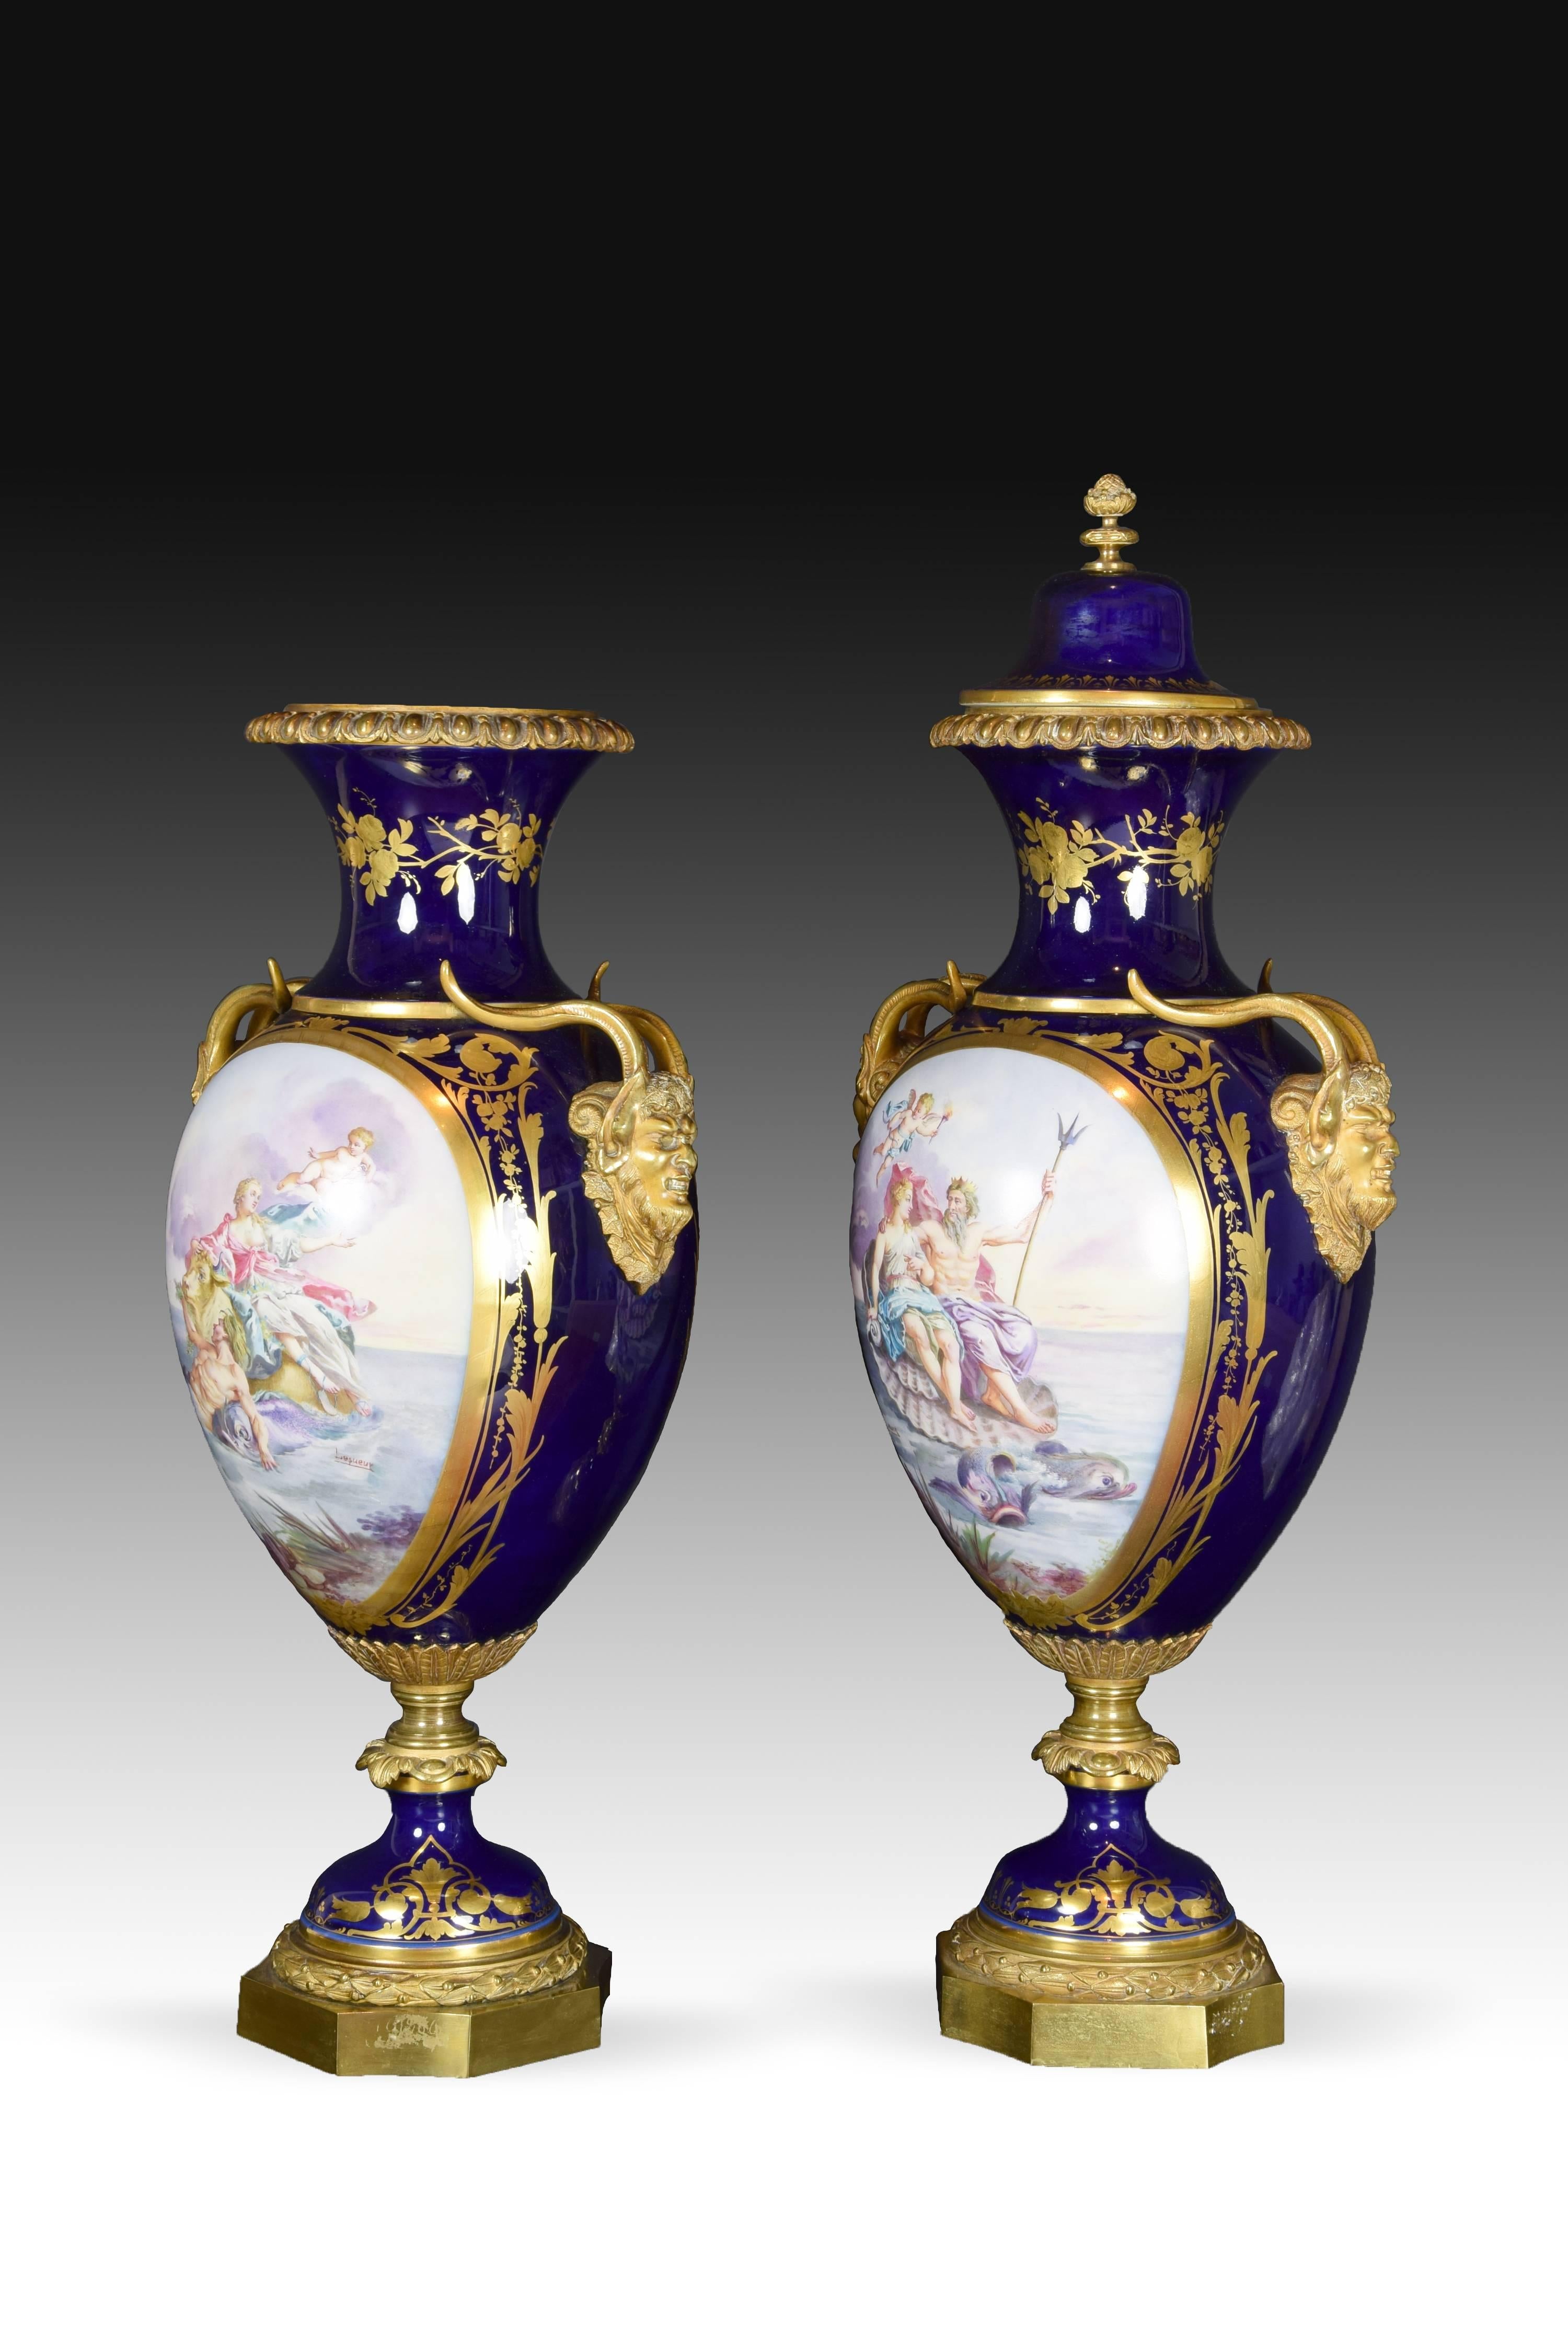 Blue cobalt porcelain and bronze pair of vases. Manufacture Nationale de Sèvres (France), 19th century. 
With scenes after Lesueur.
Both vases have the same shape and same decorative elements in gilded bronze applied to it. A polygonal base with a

## Problem details:
Type the listing out again word for word, passing over each picture.

## Result for this exercise:
 Blue cobalt porcelain and bronze pair of vases. Manufacture Nationale de Sèvres (France), 19th century. 
With scenes after Lesueur.
Both vases have the same shape and same decorative elements in gilded bronze applied to it. A polygonal base with a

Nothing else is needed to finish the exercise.